As another in a series of auditions, May’s start Monday night in a 4-3 loss to the Padres suggested he might deserve more. (Maybe even an apology from A.J. Pollock, but we’ll get to that.)

Right now, the string-bean right-hander with the curly ginger hair is the Dodger pitching staff’s X-factor. Roberts hasn’t yet decided if he would make a greater contribution as a starter or as a reliever. But May’s stuff and his poise suggest that, at just under 22 years old and with five major league games under his belt, there could very well be a place for him in the postseason.

If there were justice, he could have pitched six innings Monday night and left with a 5-1 or 6-1 lead. But his teammates have again fallen into a funk with runners in scoring position, leaving the bases loaded twice in the early innings and going 1 for 10 in RISP situations. And Pollock’s inexplicable throw from center field into the visitors’ dugout scored the tying run and moved the winning run to third, and what had been a 3-1 lead turned into a loss that dropped May’s record to 1-3 as a big leaguer.

Naturally, May blamed himself for not backing up third base, even though it was an ill-advised throw and third baseman Justin Turner probably shouldn’t have let it slip through him.

“I gotta be behind third base to back that ball up,” May said. “There’s no excuse. I gotta be there.”

It is what the smart rookie does, take responsibility.

He is not the finished product yet, to be certain. But in his five major league outings he has demonstrated growth and he has shown poise and maturity.

“For a 21-year-old, (his poise is) off the charts; it really is,” Roberts said. “And he’s a tremendous competitor. He expects a lot from himself, and today showed it. I know he was frustrated by the result … but overall he threw 81 pitches, and I think that a large majority of those pitches were quality pitches.”

He got squeezed occasionally by plate umpire Rob Drake’s Incredible Floating Strike Zone, but he certainly wasn’t alone. Both sides had plenty to complain about, and in fact, Turner had some choice words as Drake left the field after ringing him up to end the game.

“I thought the pitch execution was pretty good,” May said. “I left a curveball up to Austin (Allen, pinch hitter) in the sixth inning and he hit it pretty hard, but other than that I thought I threw the ball pretty decent.”

Allen’s double to right-center started the Padres’ three-run rally in the sixth, though one of those runs was earned. He probably had an advantage, having seen May in the minors.

“I went up there with a little bit of confidence just from facing Dustin through the low levels of the minors and even in Double-A a little bit,” Allen said. “I haven’t faced him this year, but I’ve got a pretty good feel in like where his release point is and all that stuff.

“I’ve faced him so many times throughout the minors and he’s got such good stuff, don’t get me wrong. But after seeing guys again and again and again, I’m going to take my chances, no matter how good they are, because I know how their stuff is moving, and all the little things that go into it.”

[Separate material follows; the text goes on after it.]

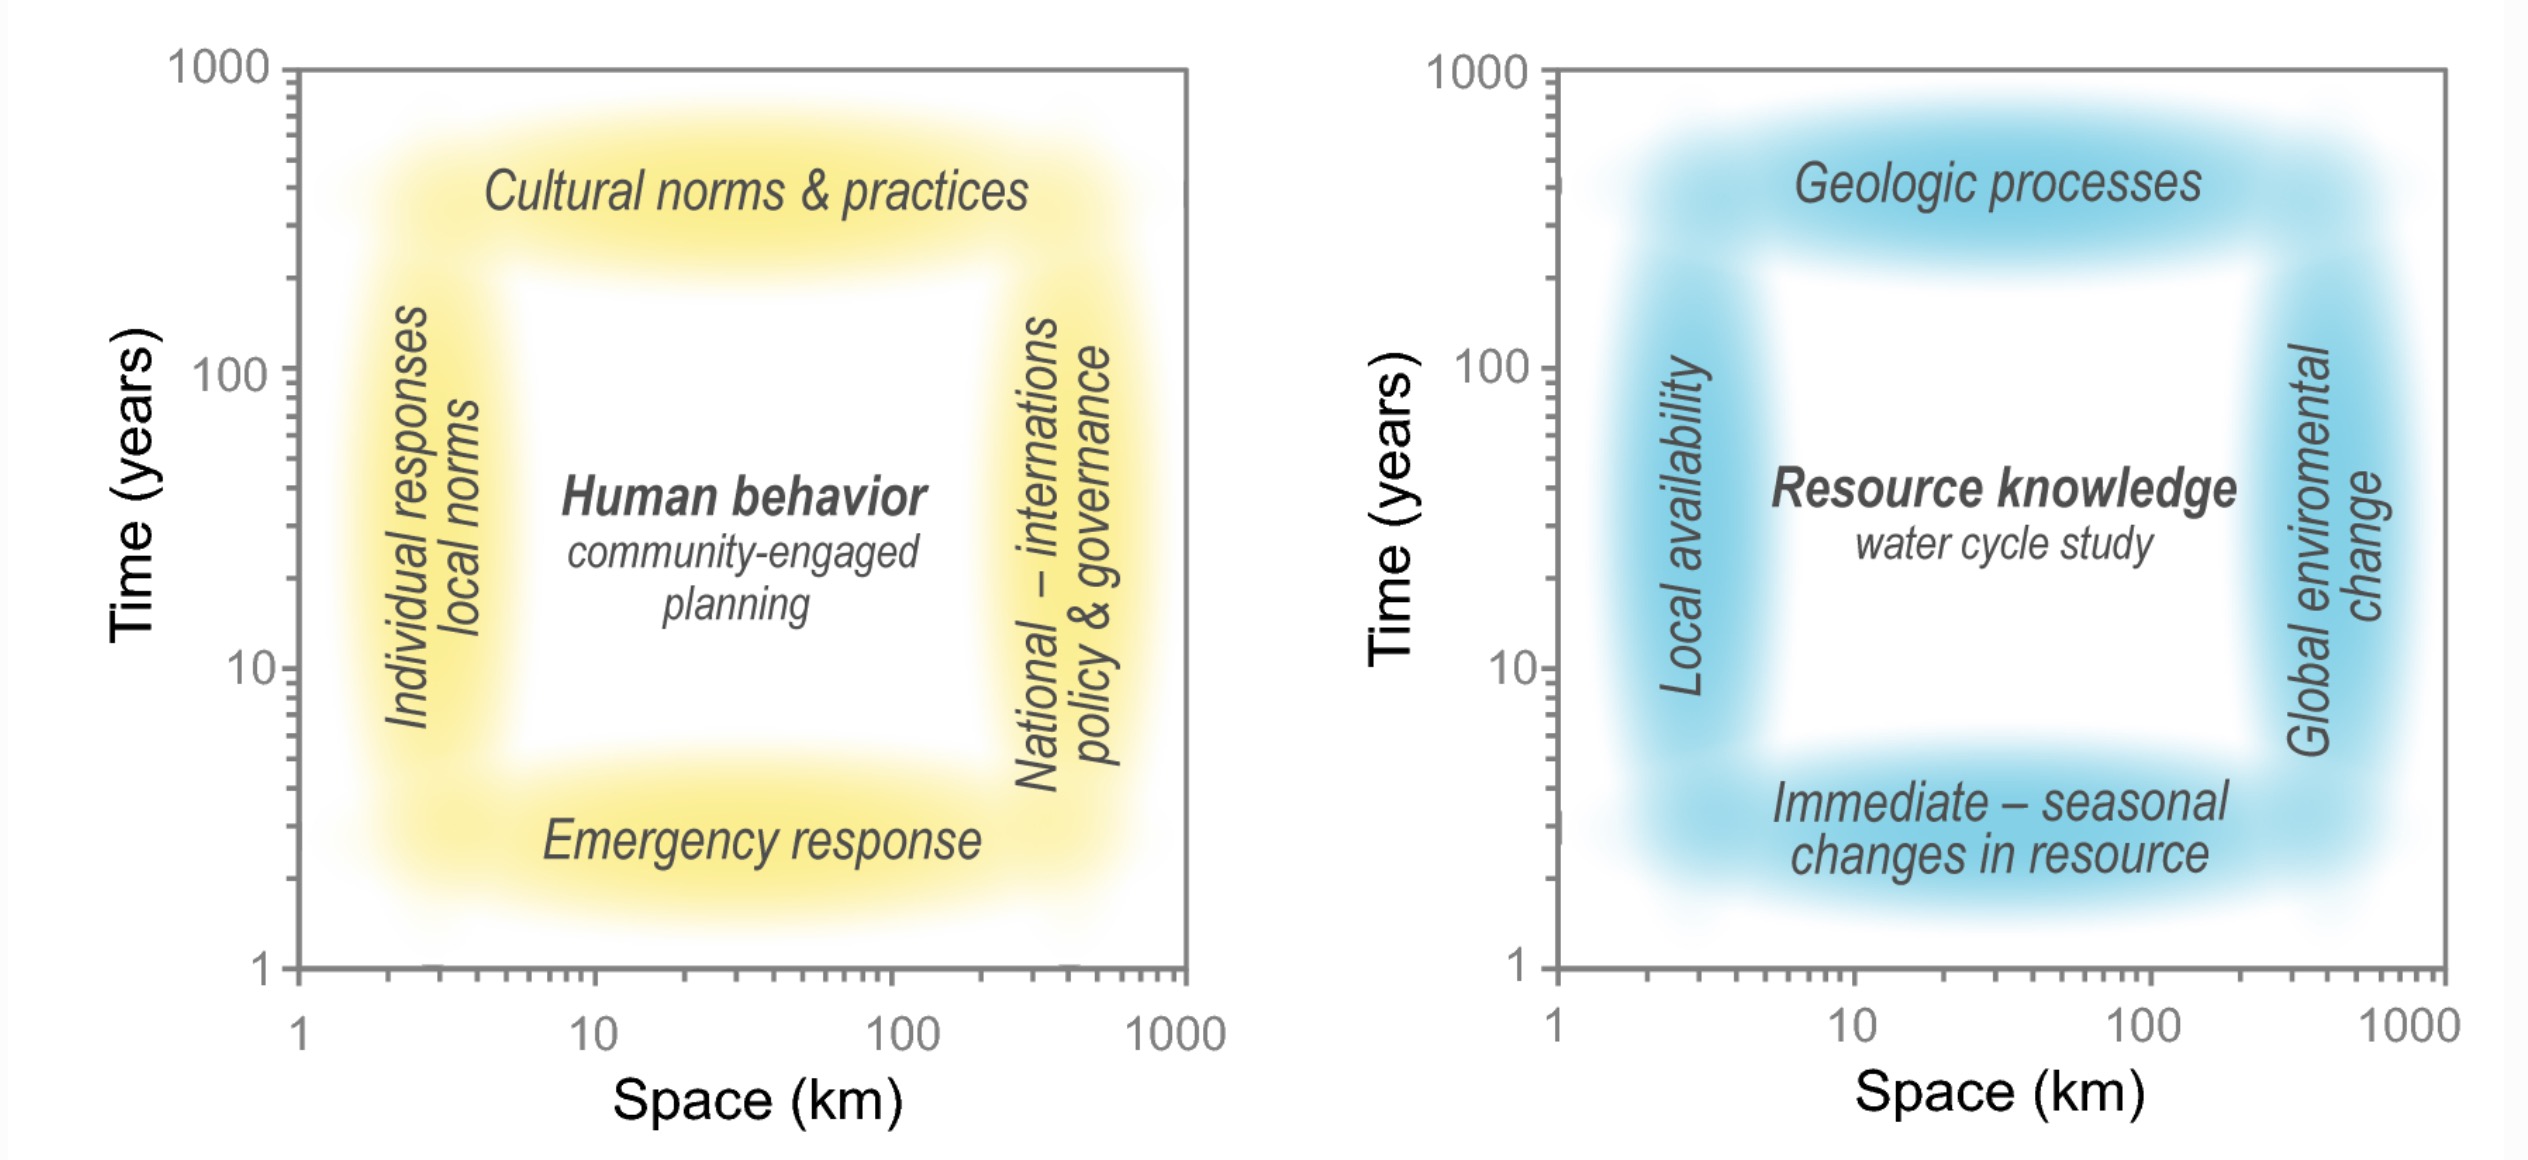 Looking at the data available and the research questions they wanted to ask, the team focused on the themes of space and time. You’ll see that in the outline of the frameworks below. Both systems – social and hydrological – have dimensions of space (on the horizontal axis) and time (on the vertical axis).

That sort of turns the whole “third time through the order” concept on its head. The guy who hit him hardest in that inning hadn’t seen him at all Monday night and was going on what he’d seen in Double-A in 2018.

We already know this about May: He will work fast, he will keep the ball down, and he will induce soft contact. He is not yet getting hitters to swing and miss; in his four previous outings hitters had swung and missed on 9.7 percent of his pitches, according to Fangraphs; the rest of the Dodgers rotation is around 11 to 13 percent.

Monday night he had eight swings and misses in 81 pitches: four on the two-seam fastball, two on the cutter, one each on the curve and slider. The two-seam was topping out at 97 mph early and was around 95 in the later innings.

Roberts said before the game he feels the swings and misses will come as “a byproduct of execution and sequencing. When he can locate the fastball, get ahead and sequence appropriately, the stuff is there to get the swing and miss.”

In what areas does May feel he’s improved since he was called up and made his first start against the Padres on Aug. 2 in L.A.?

“I feel like my misses are closer,” he said. “I feel like I’m more around the zone. The execution of pitches is, I feel, getting better.”

The Dodgers will utilize a six-man rotation for the next week, at least, for rest purposes, so May’s next start would be Sunday in Arizona. After that? Things are fluid.

“I just gotta be ready for anything,” May said. “I have to be compatible with what’s going on. I’m excited to be here, and I’m really excited to do whatever they need me to do. I’m ready for it.”

Left unsaid: All of this is expected to reach a crescendo in October, which has become the only month that truly matters for the Dodgers and their fan base.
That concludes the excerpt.